For asset managers, maintaining data security and achieving proper management of company systems is a top concern. Indeed, strategic management of a company’s IT assets enables the business to manage its operational costs while maintaining a high standard of data safety.
Part of proper asset management involves outsourcing key organizational functions to service providers. These service organizations may be better positioned to offer services that you would otherwise incur a high cost for when providing them in-house. However, the use of external service organizations often brings about the question of data security. Your company’s information is only as secure as the environment maintained by that external company.
This is where SOC compliance comes in. An SOC report provides you, the user company, with evaluations that cover a service organization’s controls.
Defining an SOC 1 report
An SOC 1 report can be defined as an evaluation of a service organization’s internal controls and operational environment, as it relates to data security and your company’s financial reporting. The purpose of the report is to serve as a risk assessment of your service provider’s controls because they can directly impact your company’s data security.
Therefore, asset managers will typically collect SOC 1 reports from all vendors to whom the company is outsourcing. This provides a realistic and actionable overview of the data environment of your company. Indeed, any data that you outsource to a third party vendor will only remain as secure as the vendor’s internal controls.
There are 2 main types of SOC reports; type 1 and type 2. A type 1 report provides details about the internal controls of a service organization, how they work, and how they will be enforced. In essence, it is a point in time assessment of the service organization’s systems and practices. You can refer to a type 1 report to determine how your service organization ought to carry out its internal controls.
A type 2 report works in much the same way as type 1. The difference is that it is an actual assessment of a period of time under which the service organization was implementing its internal controls. It can be used to determine how effective the controls were and whether they meet the standards of your organization.
Why an SOC 1 Report is necessary
Due to the need for data security in today’s business world, the importance of SOC reporting cannot be overstated. Companies outsource critical business functions to third party vendors. From payroll processing and cloud services to SaaS providers, you will often deal with multiple vendors when managing your company’s assets. An SOC 1 report is important in ensuring that all vendors are implementing and enforcing relevant internal controls. The reports can also serve as a risk assessment of your company’s data and help determine how vendors can affect your data security.
In most cases, you will collect SOC reports from all service organizations in order to prepare your financial reports for a particular quarter.
SOC vs Sarbanes-Oxley Reporting
While there are certain areas where SOC and Sarbanes-Oxley reporting overlap, they’re not exactly the same. Similarities do arise where they both relate to financial reporting. Sarbanes-Oxley primarily covers the internal controls of your company’s financial reporting and how investors can keep track of these controls before they make critical decisions.
On the other hand, an SOC report is primarily meant for your company to assess the controls implemented by third party vendors. In other words, companies that rely on services outsourced to various service organizations will use SOC 1 reports collected from various vendors to assess their internal controls. SOC 1 reporting also applies to sub-service organizations (organizations to whom you may outsource and they, in turn, outsource to yet another company).
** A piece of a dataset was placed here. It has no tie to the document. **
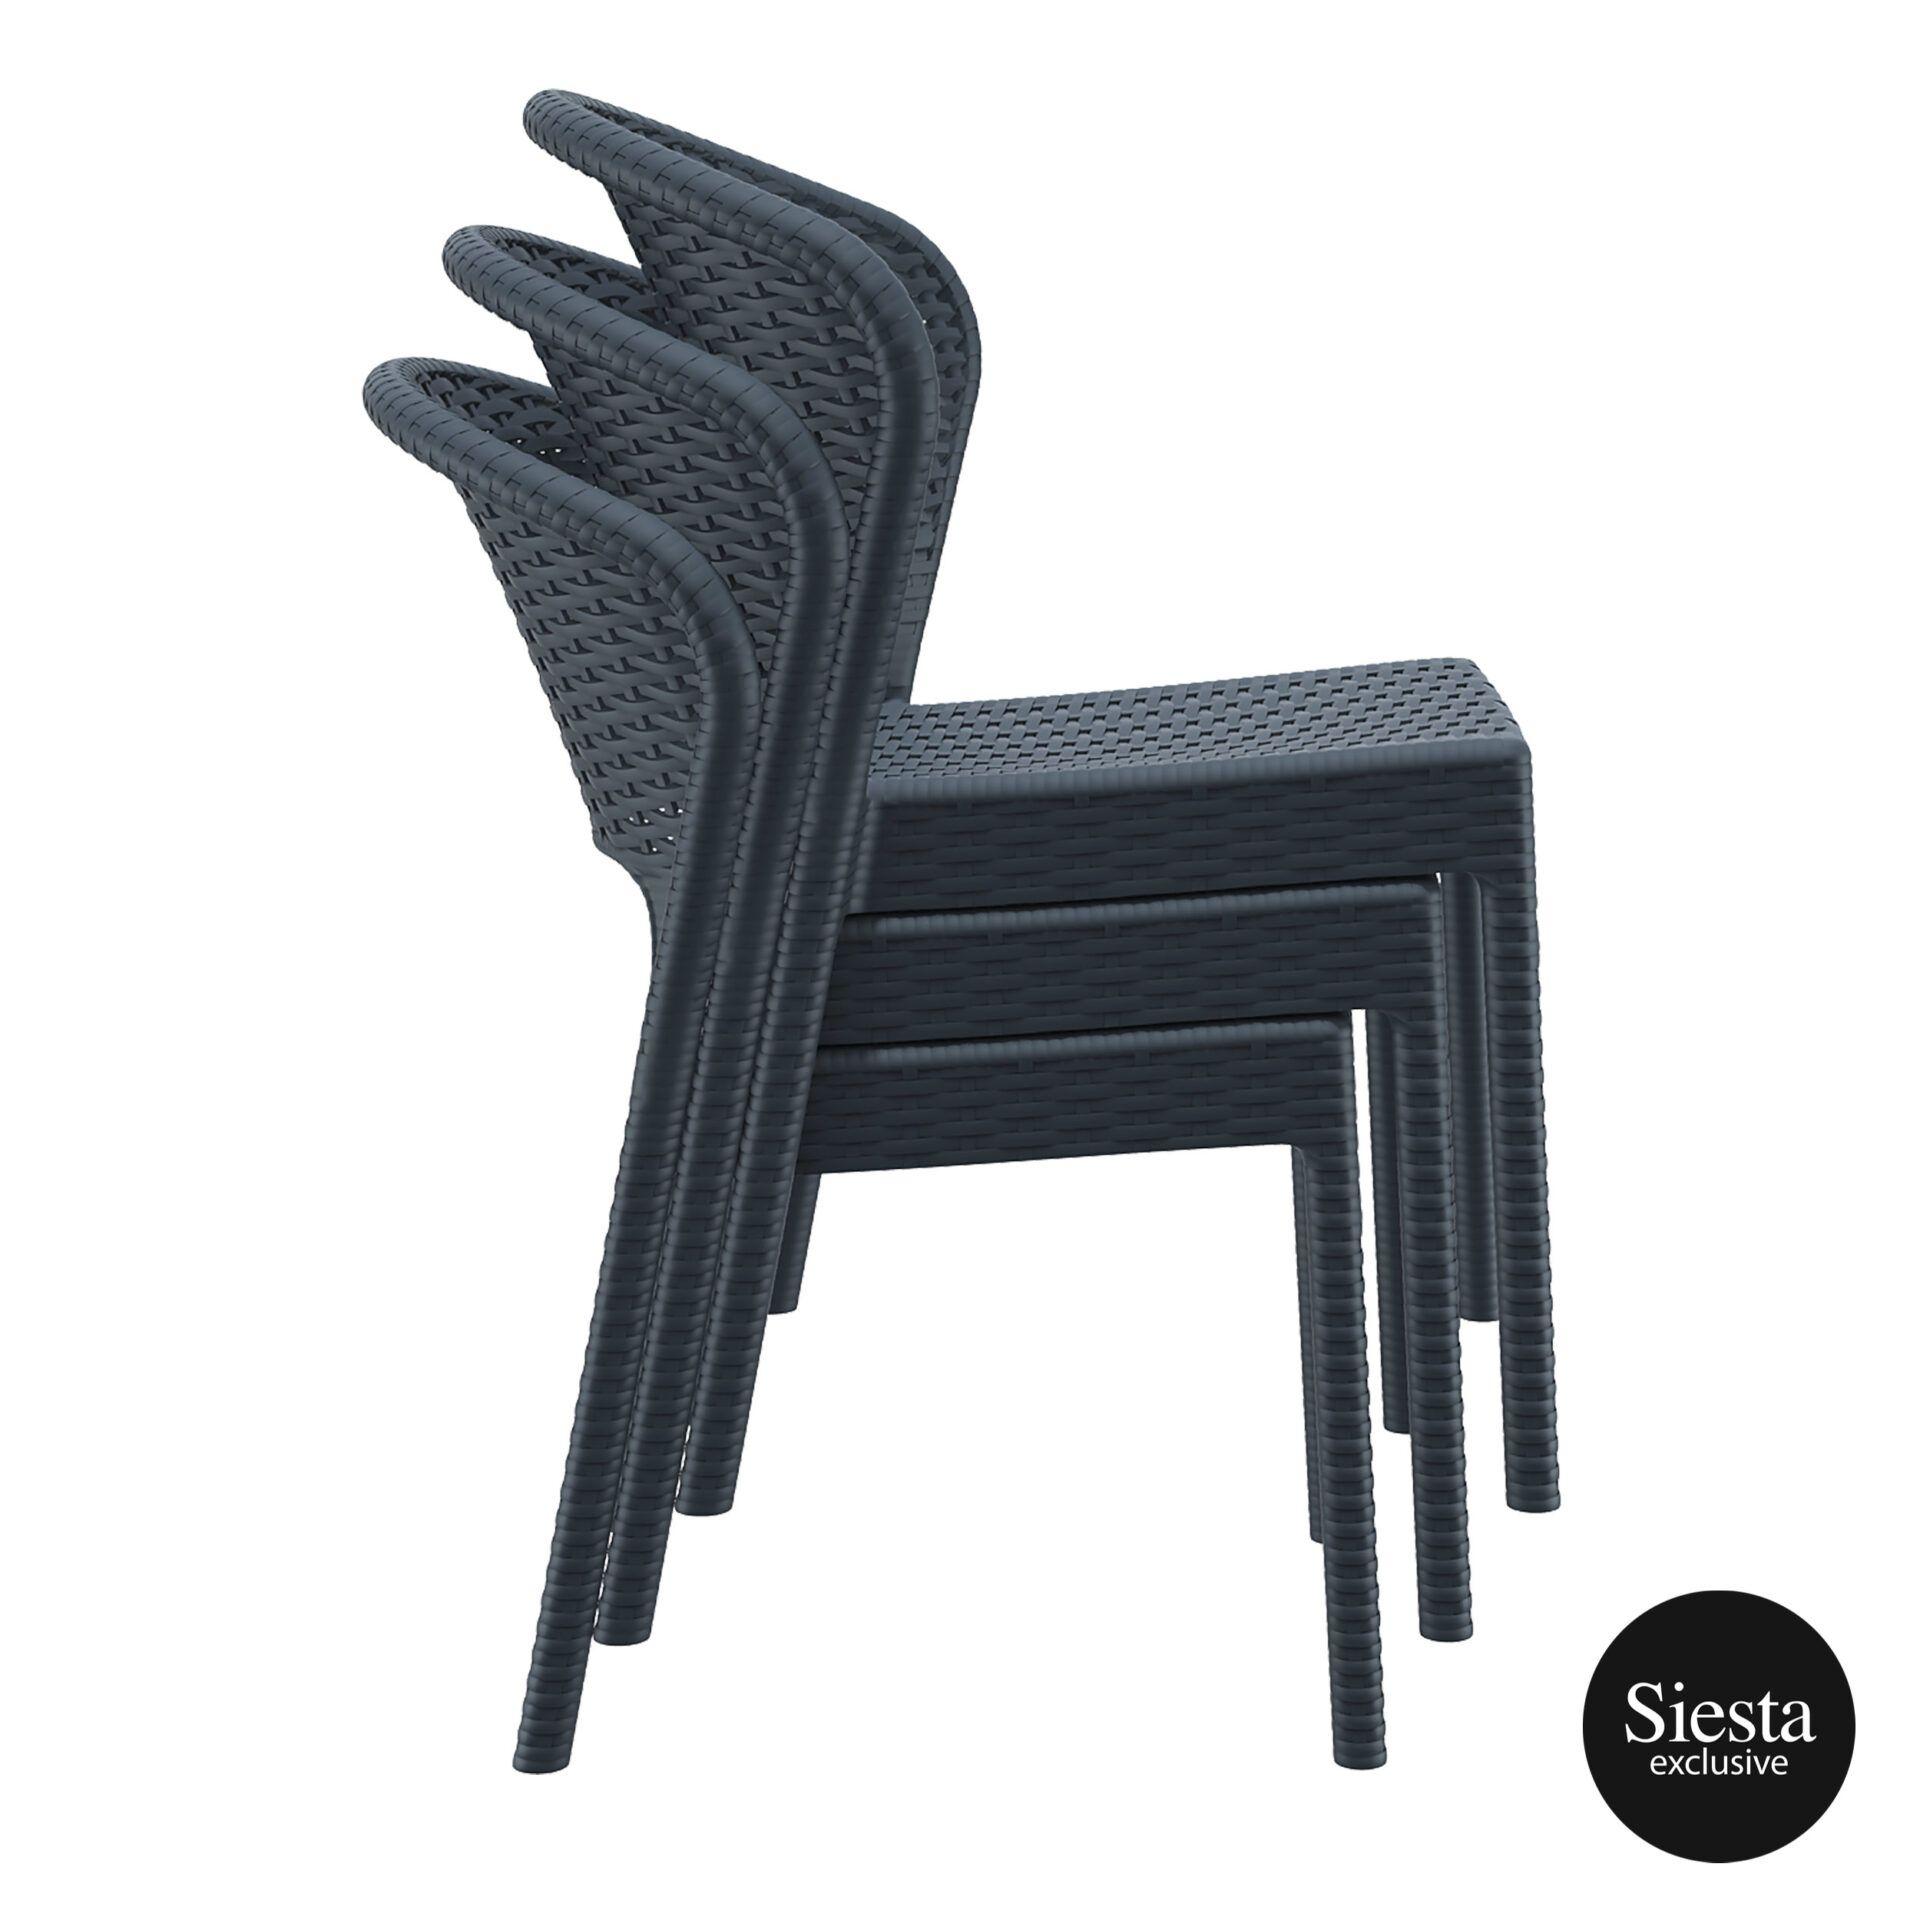 resin rattan outdoor daytona chair stack

Using Automated Solutions to Streamline SOC 1 Reporting
The reality is that outsourcing improves operational efficiency and reduces the cost of processes that you would otherwise have to carry out in-house. Therefore, asset managers will often have to collect, review, and manage reports from multiple vendors. This often results in large amounts of data that need to be securely stored and easily retrieved for review when necessary.
Automated solutions that are optimized for GRC reporting facilitate this process. They provide a single source from which audit information gathering can be carried out. Access to the information can also be limited based on roles, making it easier for relevant personnel to carry out their functions effectively.
GRC control software can streamline SOC 1 reporting, asset management, and risk mitigation. By providing a single source for data access, all relevant stakeholders can ensure that SOC-relevant data is appropriately managed.